The headline number is that, according to the ILO, there are today 40 million people who are enslaved.  This number seems big – and it is indeed 40 million people too big.  But it’s worth noting that 40 million is only one-half of one percent of the world’s current population of 7.5 billion.  Given that slavery was a common institution until well into the 19th century, one-half of one-percent is astonishingly better than the historical norm.  (It boggles my mind whenever I reflect on the fact that my own life – I was born in 1958 – overlapped with the lives of individual fellow Americans who were themselves slaves early in their lives.)

More deeply, I’m skeptical of even the relatively small figure of 40 million.  Again, I’ve not read the ILO report, but because there exists in nature no hard and fast, objective definition of slavery, the temptation is great for intellectuals to classify as ‘slaves’ those who live in conditions that, from the perspective of denizens of rich countries, are truly ghastly but which contain no legal or social restraints that many other reasonable people would describe as enslaving.  This temptation is especially sharp for those intellectuals who work for an agency that has as part of its mission the use of first-world resources to help people in third-world countries.

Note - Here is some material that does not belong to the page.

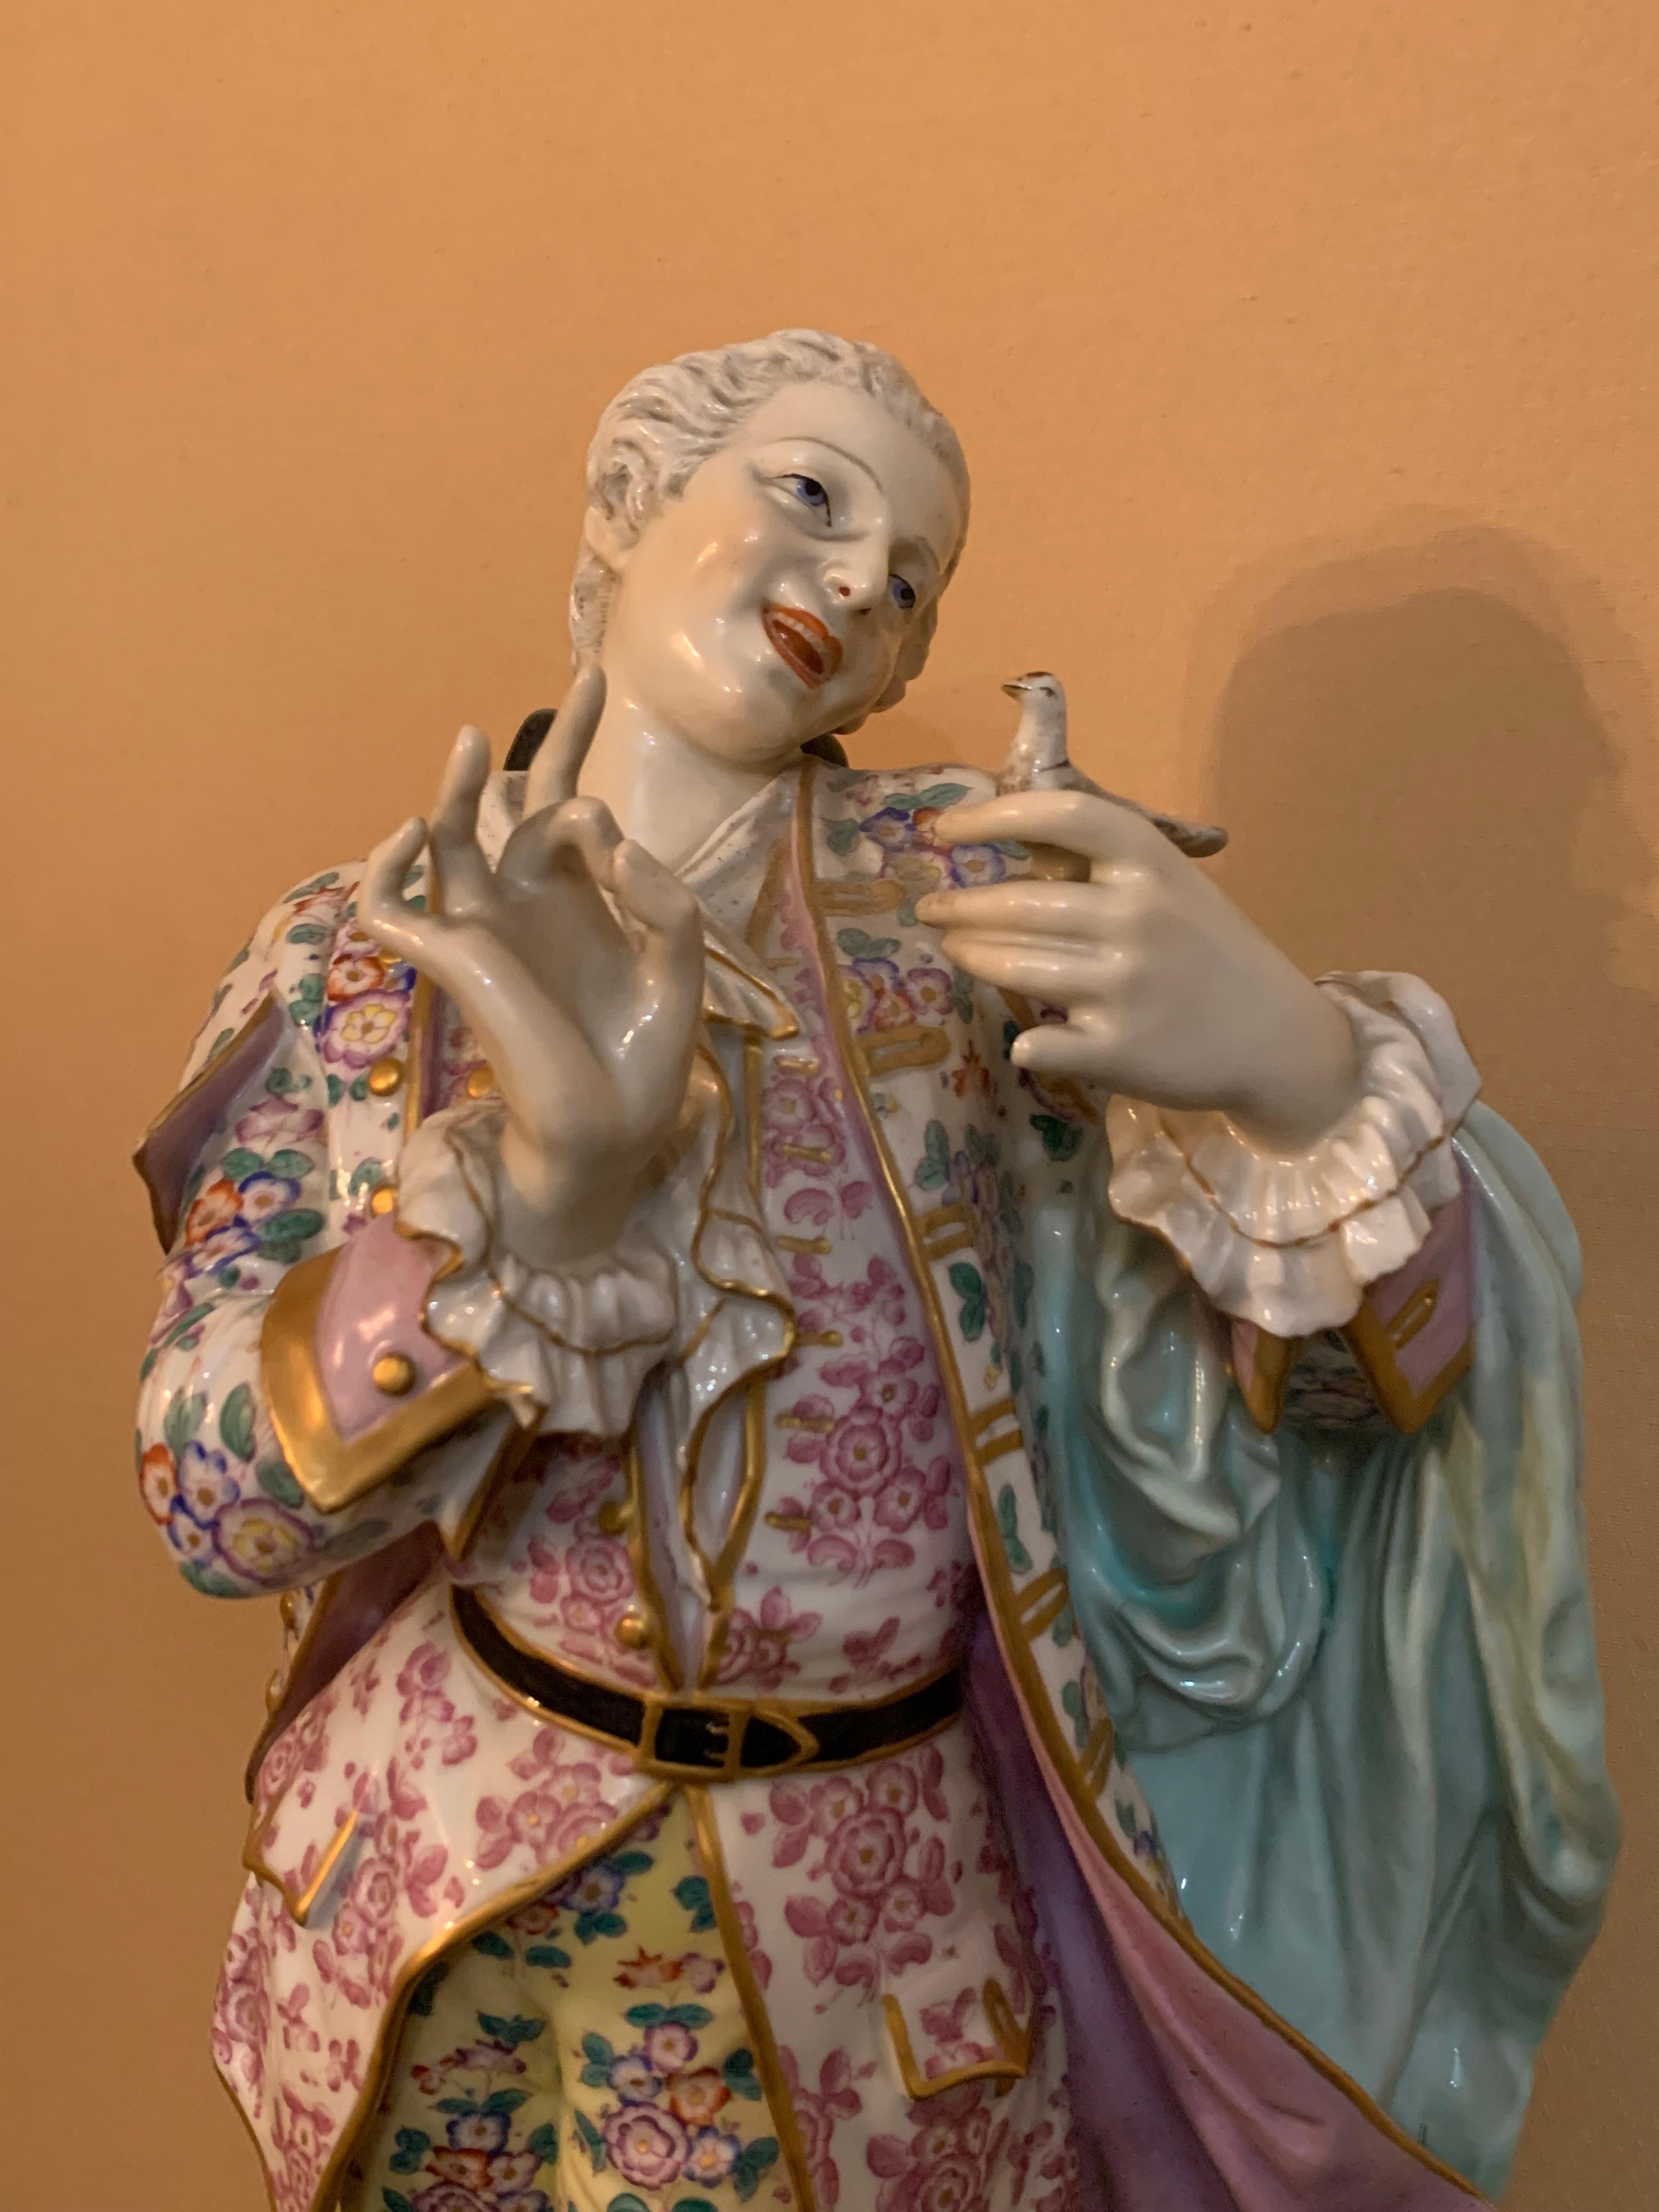 A beautiful large pair of 19th century porcelain figures of lovers. Each figure is beautifuly decorated and hand painted. The gentelman is wearing a nice suite with vibrant colors the woman is wearing a nice dress also with vibrant colors. 
Have a

That said, let’s take the 40 million figure as fact.  Also according to the ILO, 38 percent (15.2 million) of those 40 million are slaves by virtue (or, really, vice) of their being victims of forced marriages.  That leaves 24.8 million people whose slavery involves something other than being forced to marry against their will – for example, people whose slavery involves being forced to work for others at, literally, slave wages.  Indeed, let’s assume here that all of the remaining 62 percent (24.8 million) of slaves are people who are forced to work at literal slave wages in factories producing output for sale on global markets.  (This assumption almost certainly overestimates the number of such factory slaves, but let’s go with this number for purposes of this post.)

Also according to the ILO report, 25 million of the world’s 40 million slaves are in Asia and the Pacific.  The ILO report apparently doesn’t break down the distribution of slaves into individual countries.  So let’s further assume – also surely contrary to fact – that all of these 25 million slaves in Asia and the Pacific are enslaved in China.  If we further assume (which seems not unreasonable) that the percentage of Chinese people who are slaves by virtue of their being in forced marriages is the same (38%) as the worldwide percentage of people who are classified as slaves because they are in forced marriages, that leaves 15.5 million Chinese people in slavery working (on our assumptions) in factories producing goods for sale on global markets.

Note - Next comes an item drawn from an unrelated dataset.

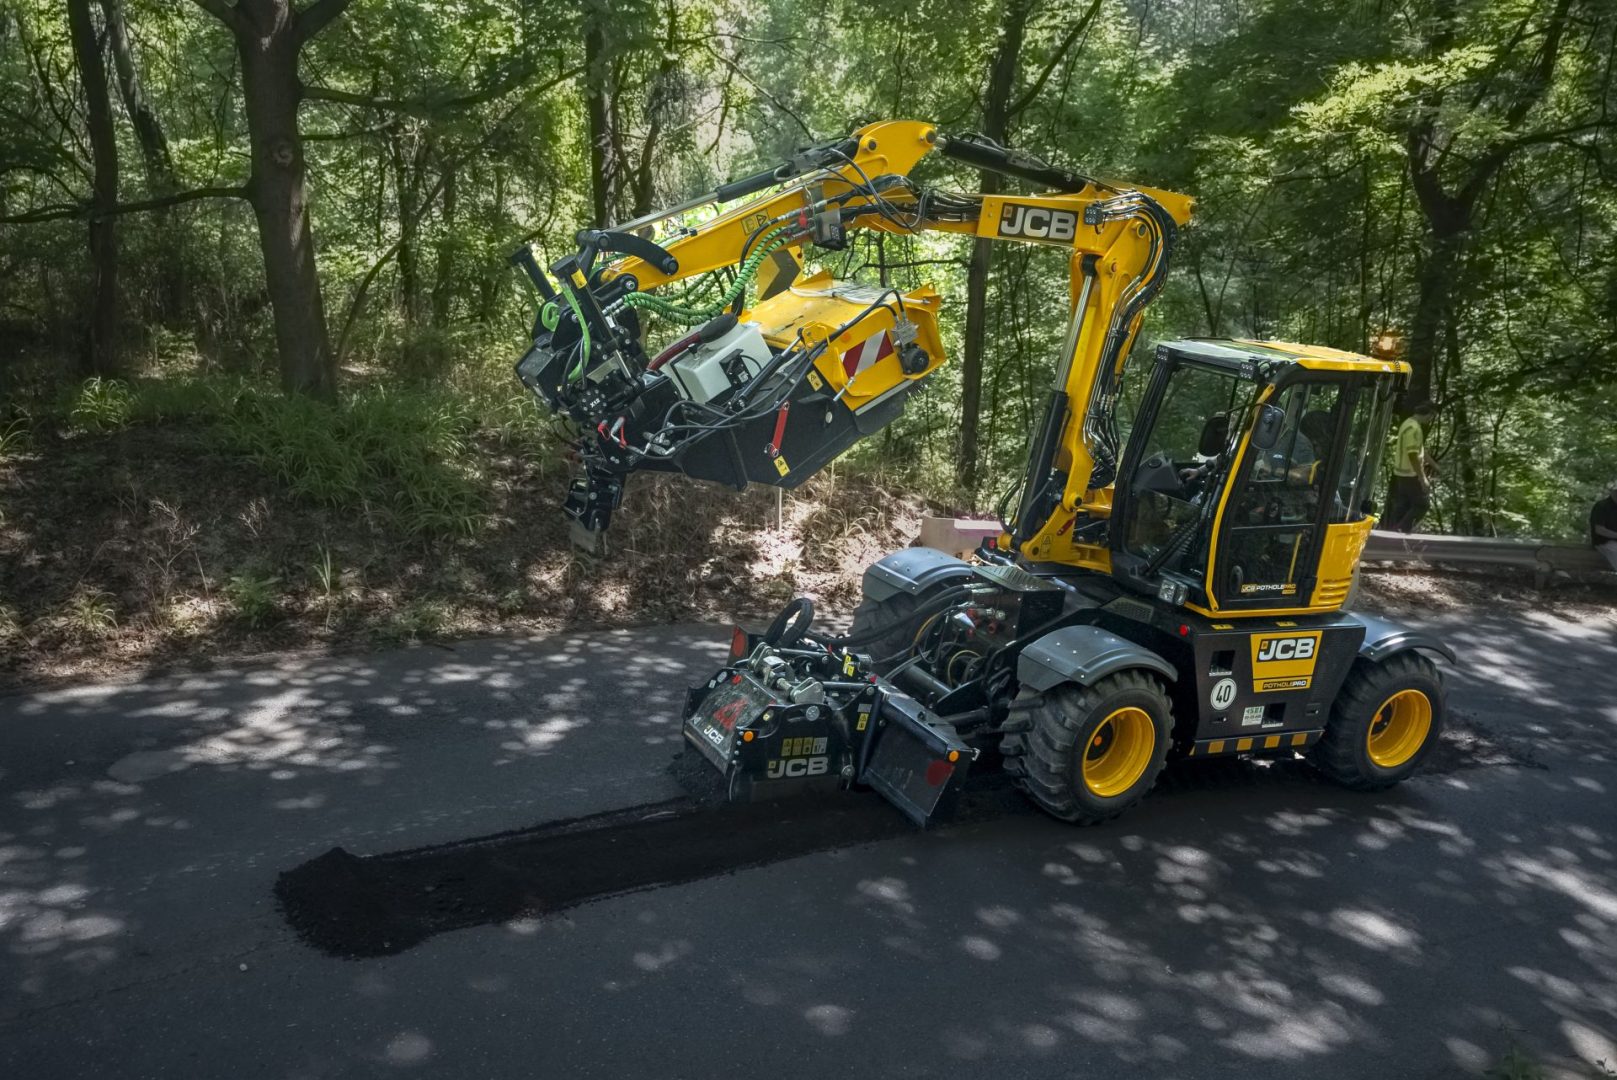 The JCB pothole pro completes a road repair in a treed area

China’s workforce today is nearly 803 million – a number that, I’ll assume to make my argument here weaker than otherwise, does not include the 15.5 million slaves.  Thus, even according to figures given by the ILO,  percentage of Chinese workers who are slaves is ‘only’ 1.9.  Again, if this number is correct, that’s 1.9 percent of workers too many.  But this small percentage makes unbelievable the often-repeated assertion that China’s modern export success is built on slavery.  Indeed, even if we make the overly ‘generous’ assumption that all 25 million slaves in Asia and the Pacific are Chinese workers, the percentage of the Chinese workforce who are slaves remains tiny; it’s 3.1 percent.

Bottom line: Even on assumptions most generous to those who contend that modern China’s economic success generally, and its export success specifically, is the product of slavery in China, the numbers simply do not support the contention.  The maximum likely percentage of the current Chinese workforce that is enslaved is far too small to make the contention work as a plausible explanation of economic reality.  Looked at a bit differently, the increasing wealth produced for many of the 1.4 billion Chinese, and for the many of the 6.1 billion of us in the rest of world who trade with the Chinese, is simply too vast to be extracted by slave-masters from the forced sweat and toil of, at most, 25 million workers.